**WORK INSTRUCTION**
Please repeat the lines below, exactly and only, from the one that holds "a pink speech" through the one that holds "UPDATE: Zeiss Says".

**SUPPLIED ENTRIES**
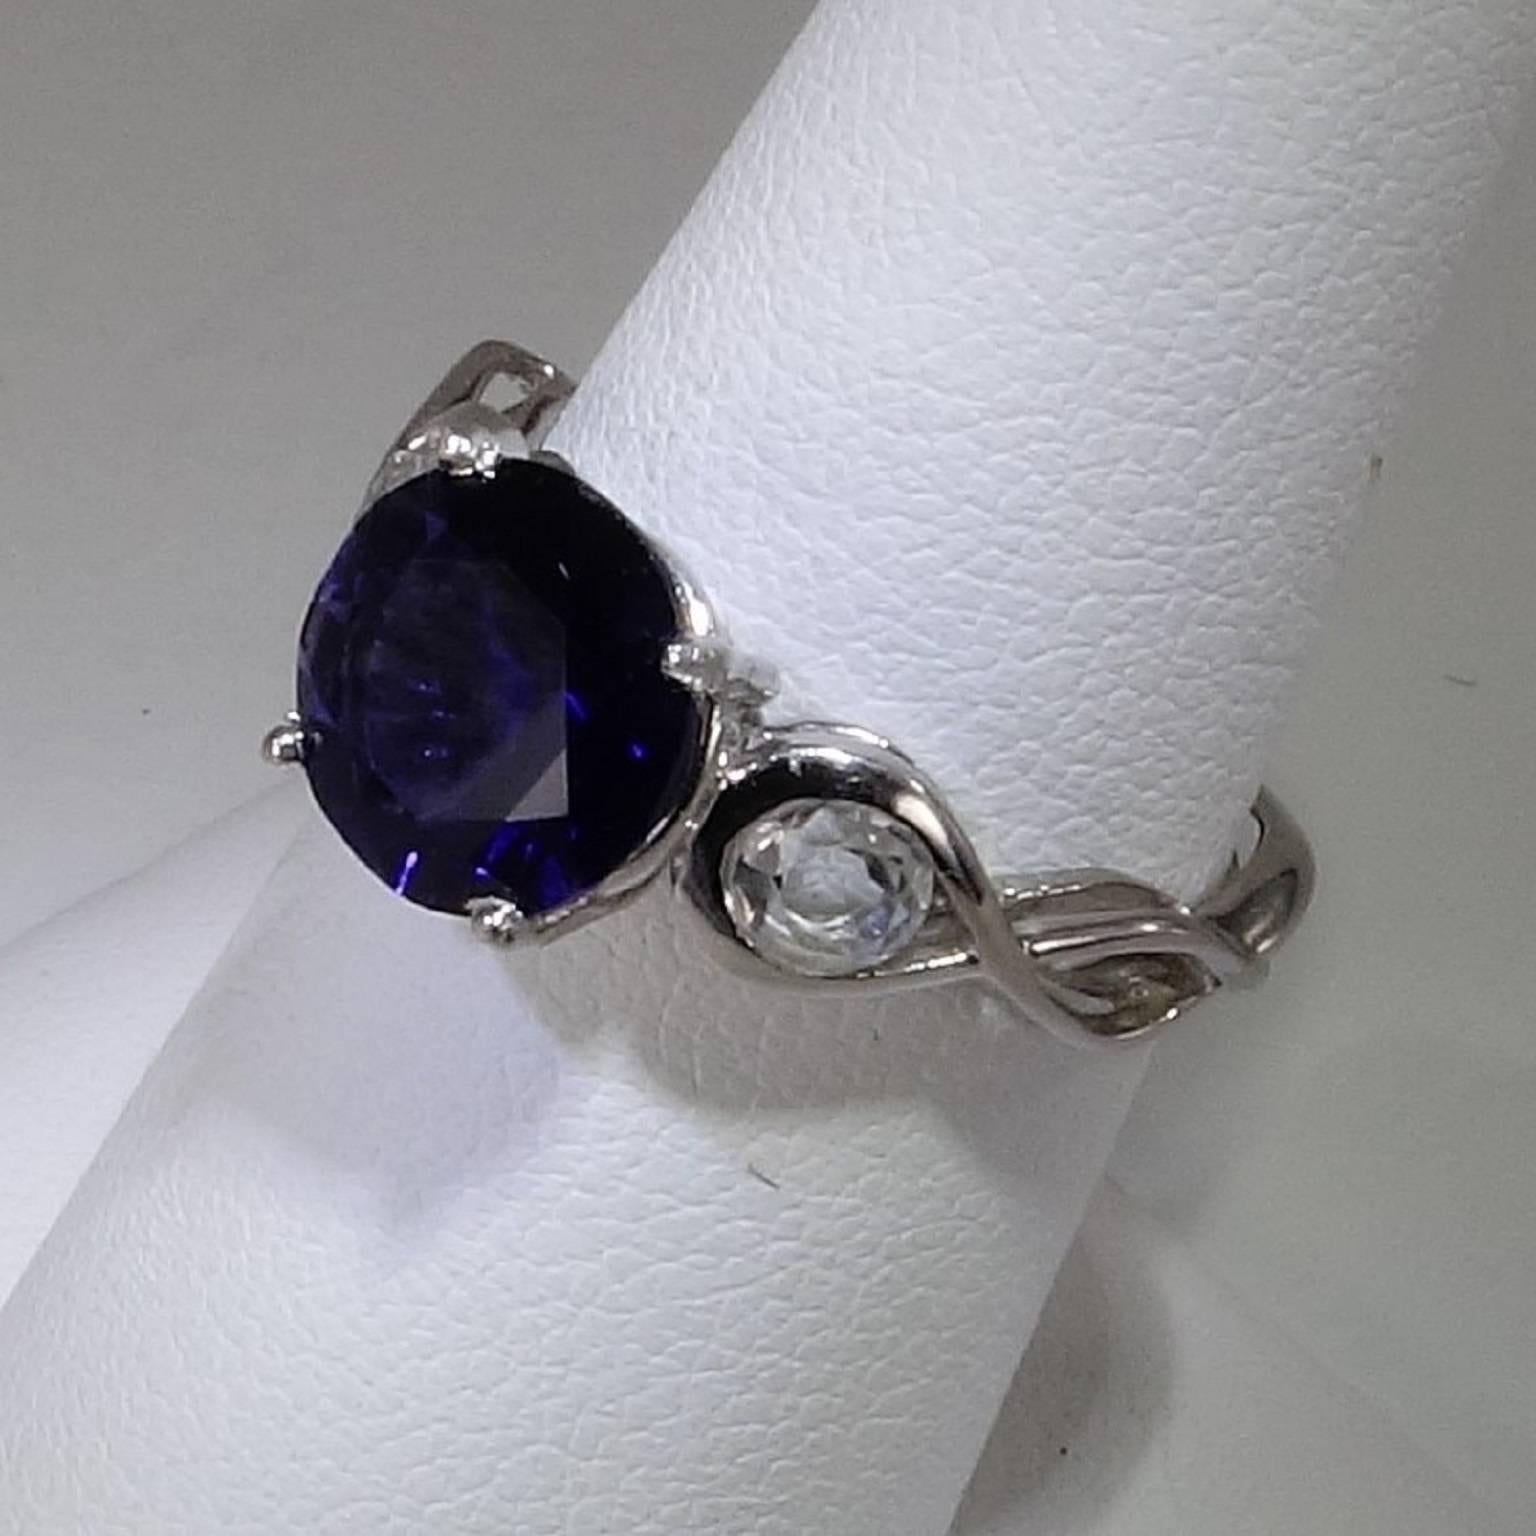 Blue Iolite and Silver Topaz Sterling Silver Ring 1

==

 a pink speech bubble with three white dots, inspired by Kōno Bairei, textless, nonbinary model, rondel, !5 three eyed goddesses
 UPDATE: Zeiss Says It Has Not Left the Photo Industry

**RESULT OF THIS TASK**
 a pink speech bubble with three white dots, inspired by Kōno Bairei, textless, nonbinary model, rondel, !5 three eyed goddesses
 UPDATE: Zeiss Says It Has Not Left the Photo Industry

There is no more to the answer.